Kamala Harris honored black women, the suffragettes, and her mother in a history-making acceptance speech

On November 7, 2020, the country celebrated President-elect Joe Biden and Vice President-elect Kamala Harris, and on Saturday night after a day of joy and partying, Harris and Biden took to the stage in Delaware to signal the end of the election. While another VP-elect might be expected to focus their victory speech on their running mate, Harris spent her time onstage honoring the women who made this night possible for her. She honored the women who shattered glass ceilings before her, she honored her mother, and she honored all the Black women whose presence in this election fundamentally changed democracy. It was the most feminist election acceptance speech ever.

Harris, now the first woman and first woman of color to be elected Vice President, waltzed onto the stage to the tune of Mary J. Blige’s “Work That” in a suffragette white power suit with a pussy bow.
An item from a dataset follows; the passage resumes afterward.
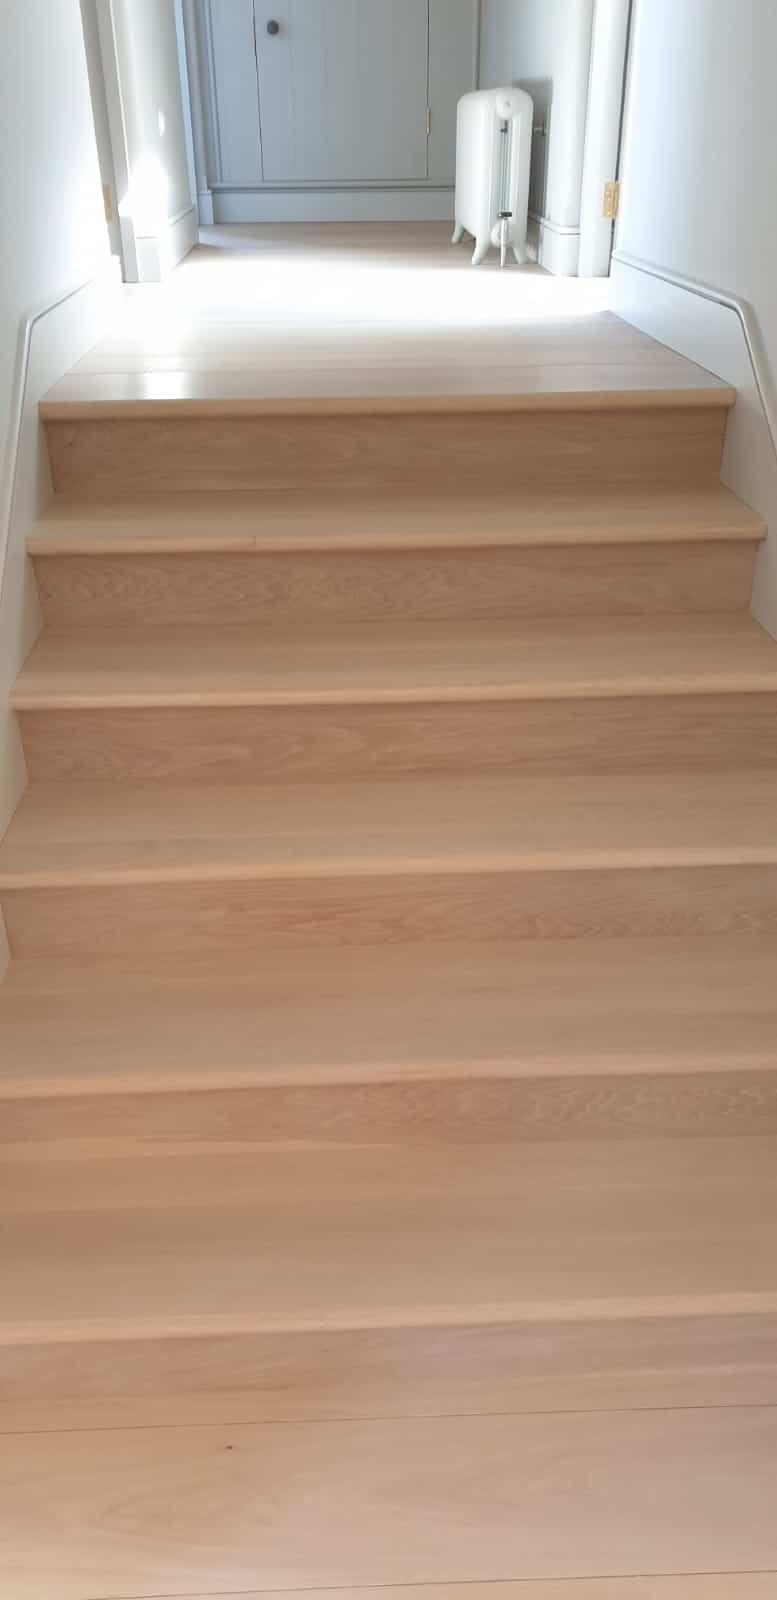 Istoria Bespoke Pale Oak 15x220mm planks wood floor engineered hardwood oak 2

Harris honored “all the women who have worked to secure and protect the right to vote for over a century,” but most importantly, she honored her late-mother, Shyamala Gopalan Harris.

“When she came here from India at the age of 19, she maybe didn’t quite imagine this moment,” Harris said. “But she believed so deeply in an America where a moment like this is possible, and so I am thinking about her and about the generations of women, Black women, Asian, white, Latina, Native American women, who throughout our nation’s history, who paved the way to tonight, women who fought and sacrificed so much for equality and liberty and justice for all.”

Harris then turned her focus to Black women, who she said are “too often overlooked but so often prove they are the backbone of our democracy.” Case in point: Black women like Stacey Abrams, who tirelessly worked to get out the vote in Georgia, flipping it blue for Biden and proving that Georgia was never a red state, but a voter-suppressed state and now a battleground state.

Harris thanked our new President-elect Biden for “the audacity to break one of the most substantial barriers that exist in our country and select a woman as his vice president,” and while we applaud Joe Biden, the ally, this historic feat is all Kamala and the women who made this possible for her.

Carolyn Cole / Los Angeles Times via Getty Images

“While I may be the first woman in this office, I will not be the last,” Harris shared. “Because every little girl watching tonight sees that this is a country of possibilities.”